A uniquely helpful guide to the Syrian crisis is an article from the website of the Gatestone Institute (www.gatestoneinstitute.org/7408 , “Syria: Checkered Past, Uncertain Future,” written by Amir Taheri, who, before the Iranian Revolution of 1979 was the editor of Iran’s leading newspaper, Kayhan. Among the “reckless spoilers” (in Ischinger’s phrase) who have joined in on the effort to tear Syria limb from limb  Taheri identifies the Islamic Republic of Iran, which, “already enjoying a major presence in Iraq… needed Syria to complete the ‘Shiite Crescent’ which it saw as its glacis and point of access to the Mediterranean.” Then there is Turkey, “which has emerged as the main source of support for anti-Assad forces,” and which (according to today’s news) is currently conducting a military campaign against Kurdish forces within Syria’s boundaries. Then there is the “Caliphate” that is ruled by ISIS. Then there is Russia. And then it gets complicated:

Because almost every religious and/or ethnic community is divided, some siding with Assad and others fighting against him, it is difficult to establish clear sectarian demarcation lines. Even the Kurds are deeply divided among themselves with the PKK, the Turkish Kurdish party, present in Syria as exiles for decades, holding the balance of power.

Factoring in all of this,

Syria today is a patchwork of emirates, large and small…. Many of these emirates have developed a system of coexistence that allows them to run the communities under their control and guide them in different directions. In most cases, the direction in question is towards what is marketed as “pure Muhammadan Islam” in many different forms.

Taheri concludes:

The challenge today is not to rescue, through diplomatic gimmicks, a Syria that has largely ceased to exist but to help create a new Syria. That, however, is a challenge that no one today appears willing, let alone able, to face.

 

A Painful Conclusion.

Once again, Secretary of State John Kerry has allowed himself to be held up to ridicule before the world by entering into solemn-ass diplomacy in luxury settings in historic European  cities and emerging to announce with furrowed brows agreements not worth the paper they are written on – certainly not worth the expenditure involved in wining and dining the entourages of hundreds of participants, and certainly not justifying the thousands of man-hours expended by the media in “covering the story.”

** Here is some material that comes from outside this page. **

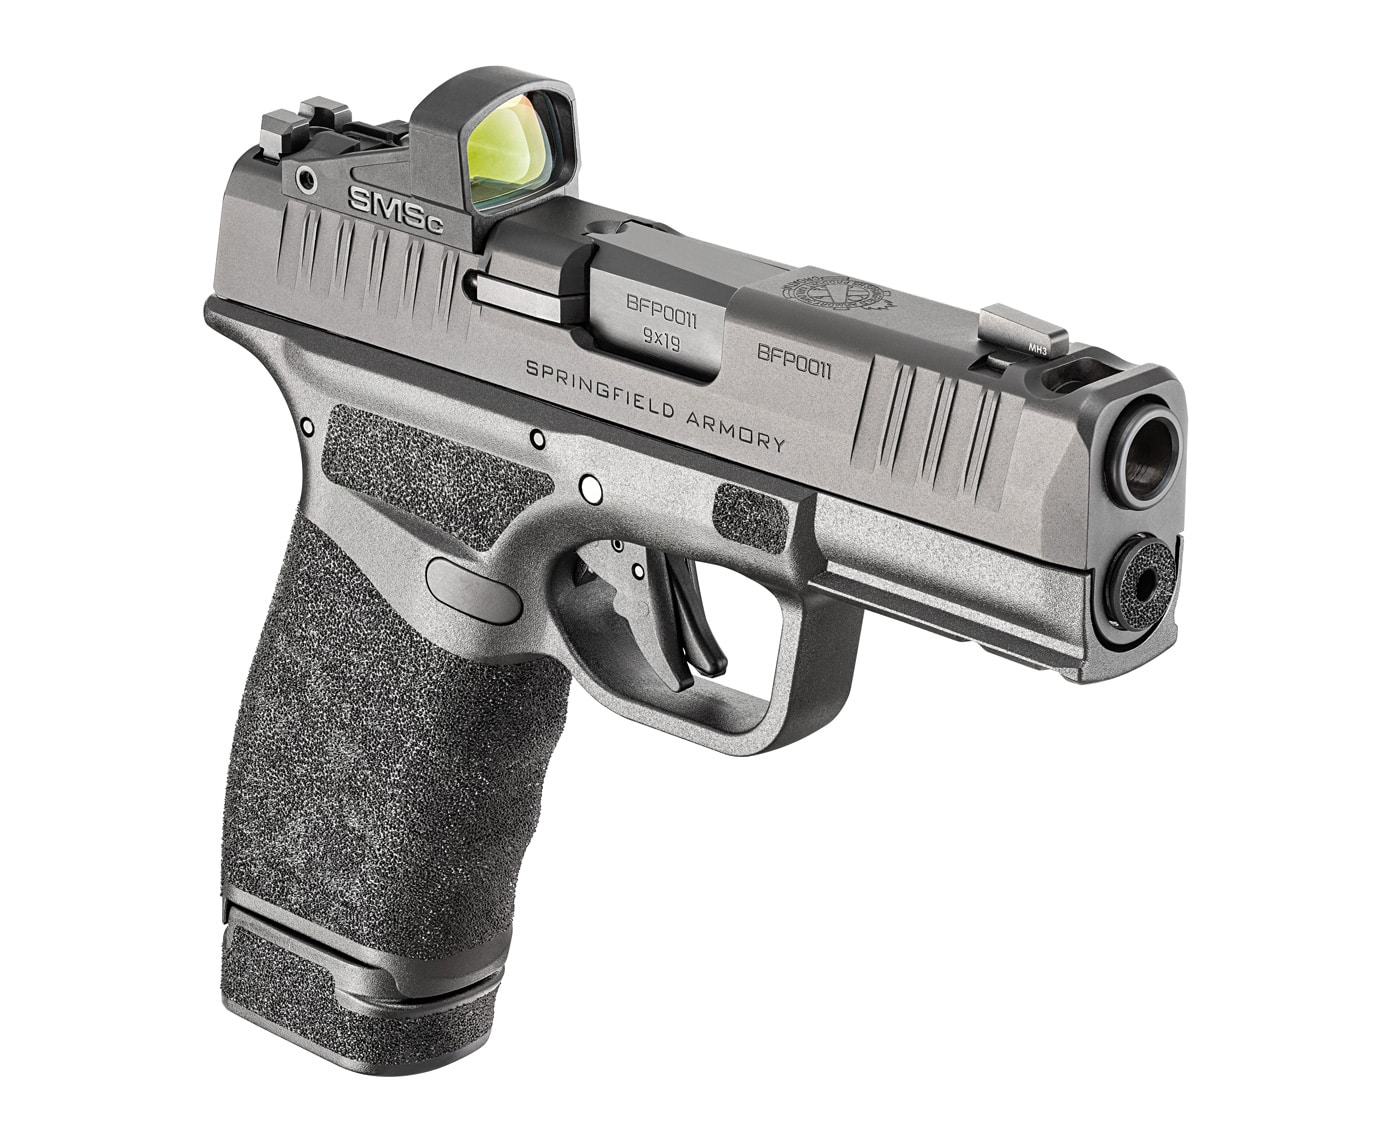 This is the Springfield Armory Hellcat Pro Comp is ideal for self-defense — capable for both concealed carry and for home protection. Springfield Armory Hellcat Pro 9mm semi-automatic pistol
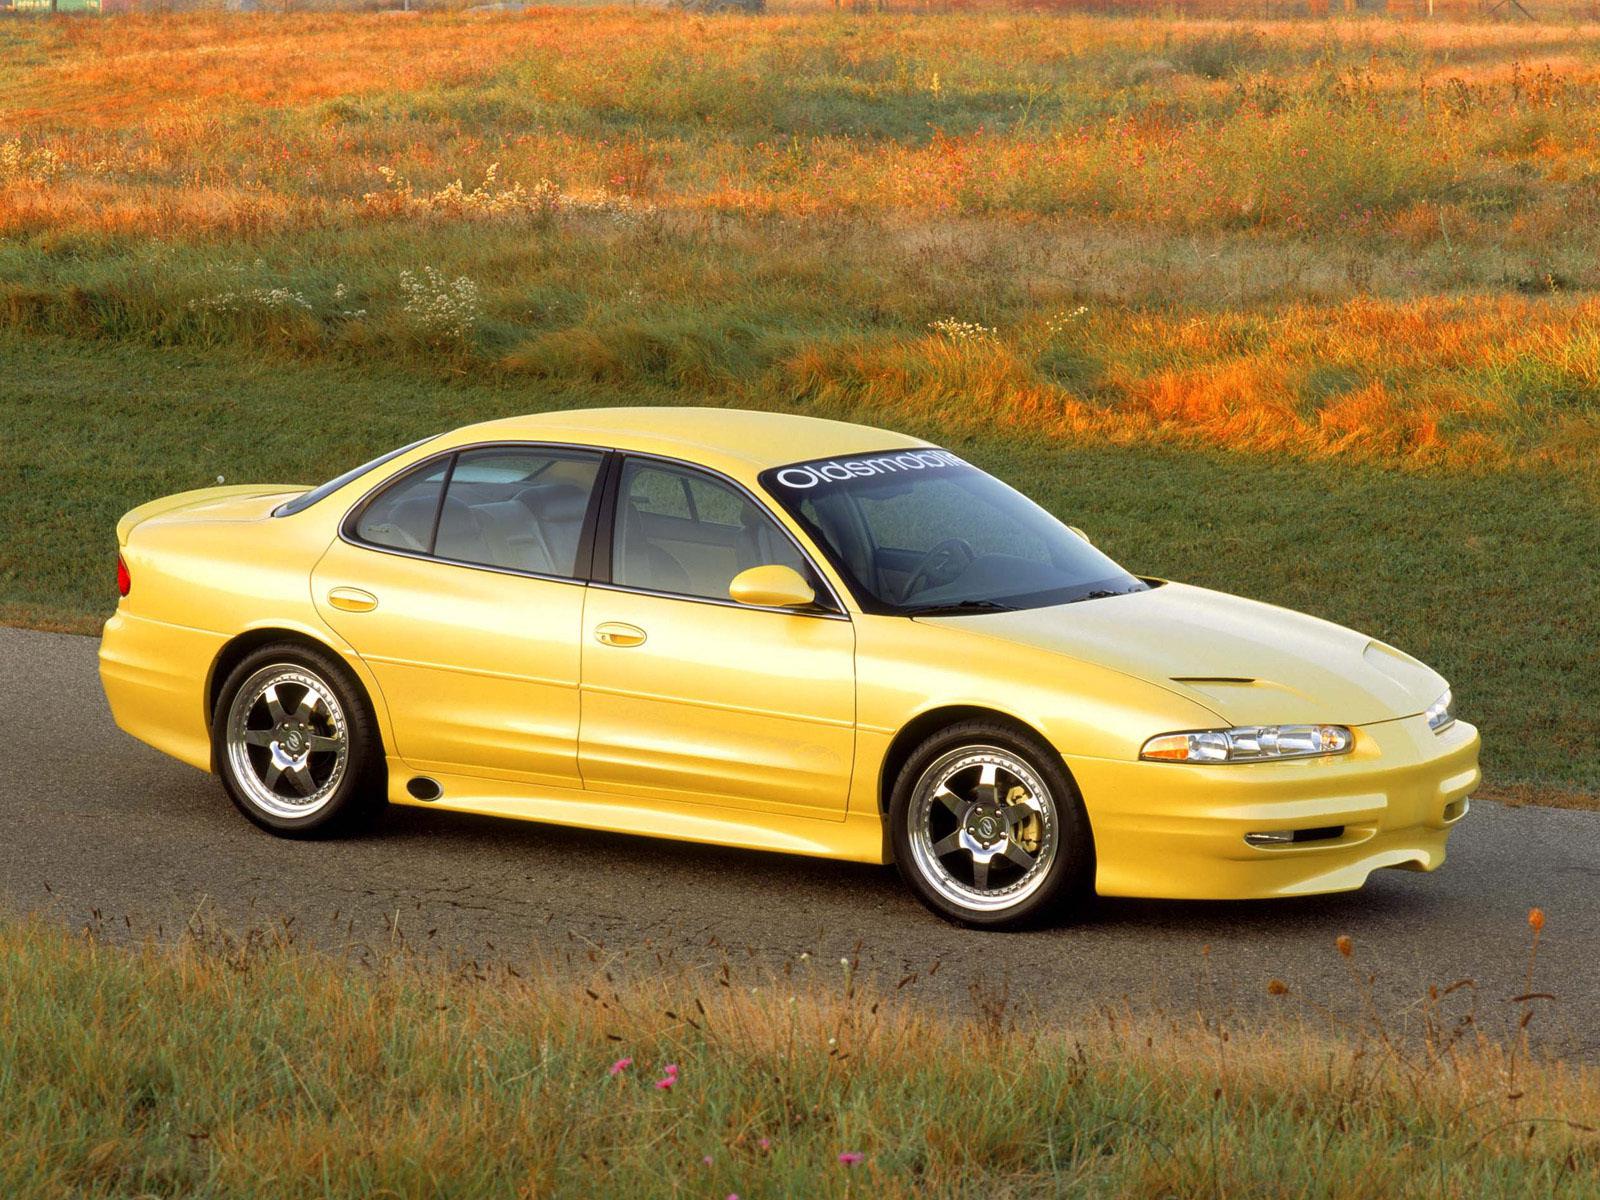 1999 Oldsmobile Cutlass, Official car of Nostalgia. People born after the  90s wanting blissful rose tinted goggles into a simpler time. And staring  right back is this. Wishing they got to see

It has all been a pathetic exercise designed to persuade the Western public that peace is being advanced, while President Putin imposes the peace of the grave upon the desperate, dwindling masses of Syria. The bottom line is that Syria is gone.

Syria’s story contains the most recent proof that there are in Islam no materials out of which stable, let alone decent, government can be manufactured. So far, the Arab Spring has provided no clear proof of a Muslim-Arab nation removing a tyrant without opening the Pandora’s box of chaos.